Leading this charge is Bitfarms, which has announced plans to wind down its Bitcoin mining operations at its Washington State facility by 2026–27. The site is being converted into a GPU-as-a-Service hub, supported by a $128 million deal to install liquid-cooled Nvidia GB300 hardware. Similarly, IREN has secured multibillion-dollar GPU cloud agreements with partners like Microsoft, effectively transforming its power capacity into a long-term AI compute asset.
The shift is also reflected in corporate treasury management. Bitdeer Technologies, a major mining host, reported holding zero bitcoin as of February 20, 2025, after liquidating its entire corporate stash—which included approximately 2,000 BTC at the end of 2025. The company stated this capital reallocation funds its pivot into AI infrastructure, including the deployment of NVIDIA GB200 NVL72 systems in Malaysia and the conversion of several mining sites to AI data centers.

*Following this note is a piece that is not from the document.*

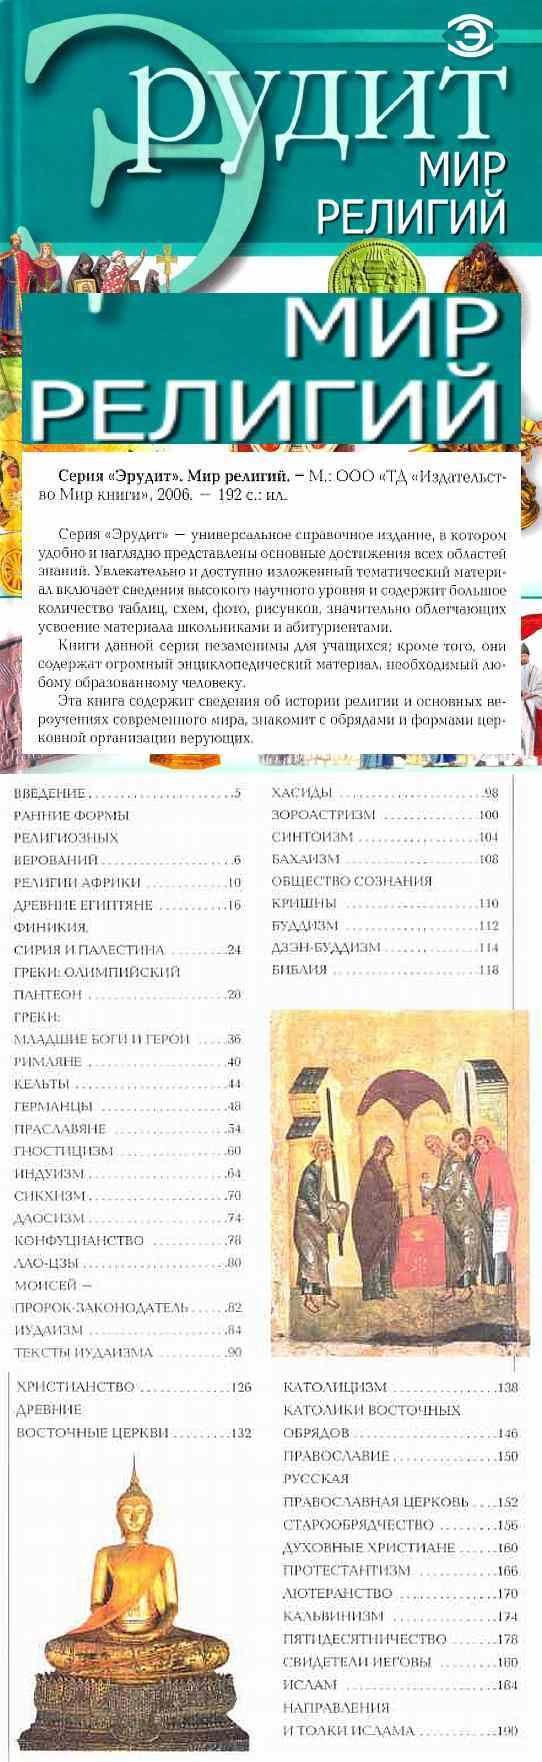 Мировосприятие славян юджизм скачать pdf

Converging Trends: Energy, Crypto, and AI
The simultaneous trends—traditional energy companies like Engie exploring crypto mining for curtailment mitigation, and crypto miners themselves moving toward AI—highlight a larger narrative of energy asset optimization. Both scenarios involve leveraging massive, reliable power supplies for computationally intensive, power-intensive industries. For Engie, bitcoin mining could be a temporary solution to a grid problem; for former bitcoin miners, AI represents a more sustainable, higher-margin future. The common thread is the strategic repurposing of energy and infrastructure in response to evolving economic and regulatory landscapes.
As these sectors evolve, the intersection of renewable energy policy, grid modernization, and digital asset computing will likely produce more hybrid models, where flexible demand becomes an integral part of the energy transition toolkit.